Parametrization is the process of computing a correspondence between a triangulated surface and a domain in a canonical space. We are particularly interested in genus-zero surfaces, in which case the canonical space is the sphere, and in conformal maps, which preserve angles between the source surface and the sphere. We have implemented different methods for computing such a parameterization, from intrinsic methods (i.e. methods based on edge lengths), such as Ricci flow and Yamabe flow, to extrinsic methods (methods that directly work on the Cartesian coordinates), such as Tutte embeddings, conformalized mean curvature flow, and Willmore flow. Finally, we have implemented normalization techniques, such as applying a Mobius transform to arrange the vertices on the sphere such that their center of gravity sits at the center of the sphere, as well as a quasi conformal Beltrami flow to improve the conformality of an existing map.
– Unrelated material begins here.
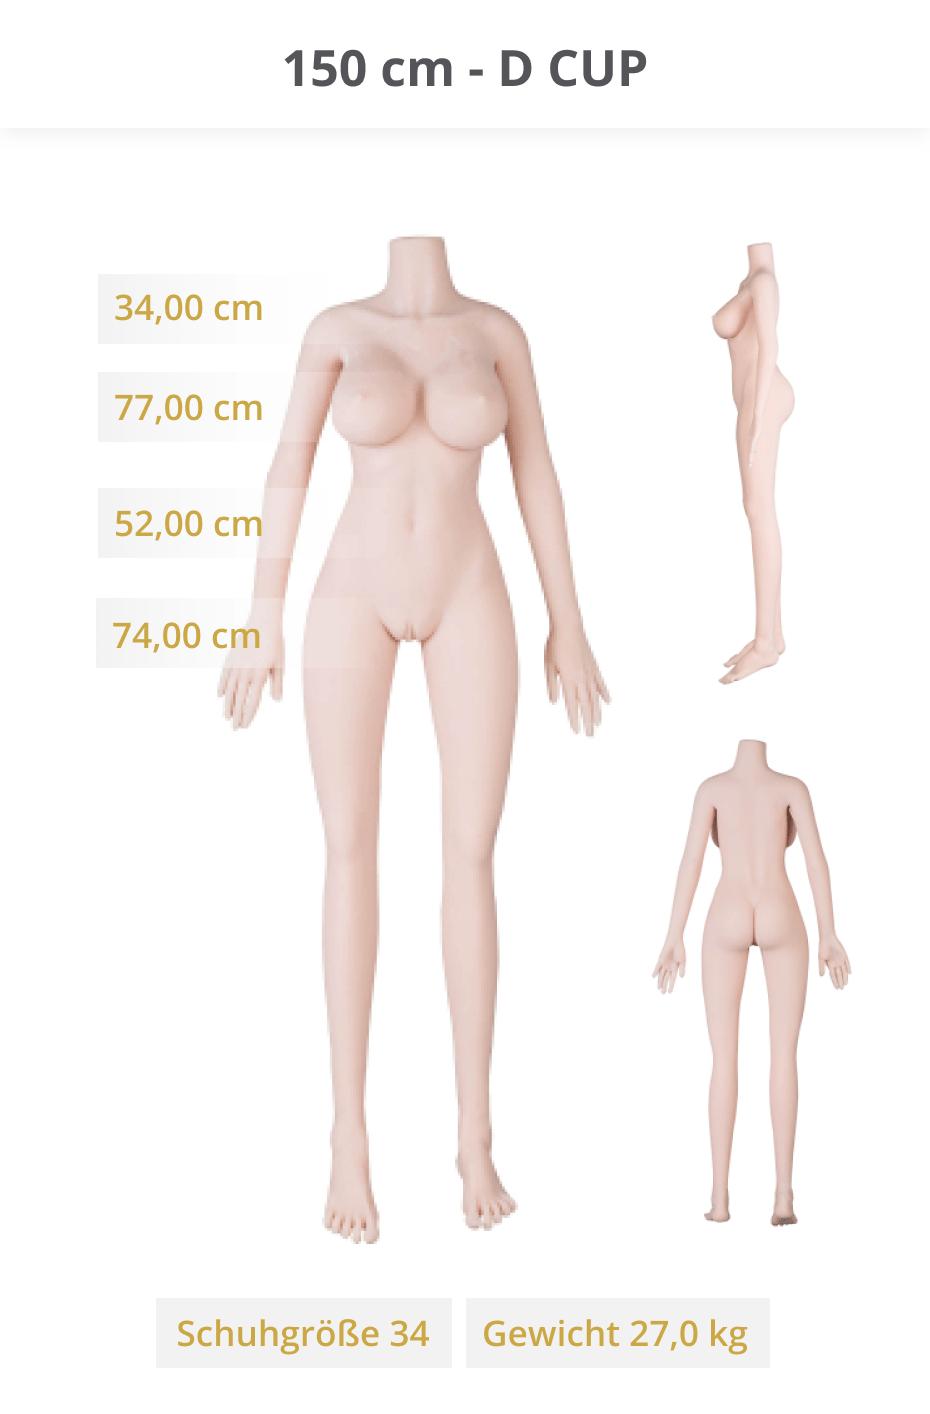 6ye-Dolls-150-cm-D-CUP

All programs for this study:
  • Map2Sphere.tgz: Compressed archive for source code under LGPL license
  • README: simple README for compiling and running the program

Comp3DShapes: A Physicist's view on Partial Shape Comparison

Comp3DShapes: A Physicist's view on Partial Shape Comparison

Patrice Koehl, Henri Orland

A new algorithm is presented to compute non-rigid, possibly partial comparisons of shapes defined by unstructured triangulations of their surfaces. The algorithm takes as input a pair of surfaces with each surface given by a distinct and unrelated triangulation. Its goal is to define a possibly partial correspondence between the vertices of the two triangulations, with a cost associated with this correspondence that can serve as a measure of the similarity of the two shapes. To find this correspondence, the vertices in each triangulation are characterized by a signature vector of features. We have tested both the LD-SIFT signatures, based on the concept of spin images, and the Wave Kernel signatures obtained by solving the Shro ̀ˆdinger equation on the surface. A cost matrix C is constructed such that C(k, l) is the norm of the difference of the signature vectors of vertices k and l. The correspondence between the triangulations is then computed as the transport plan that solves the optimal unbalanced transport problem between their sets of vertices. We use a statistical physics approach to solve these problems. The presentation of the proposed algorithm is complemented with synthetic and real examples that illustrate its effectiveness and manageable computing cost.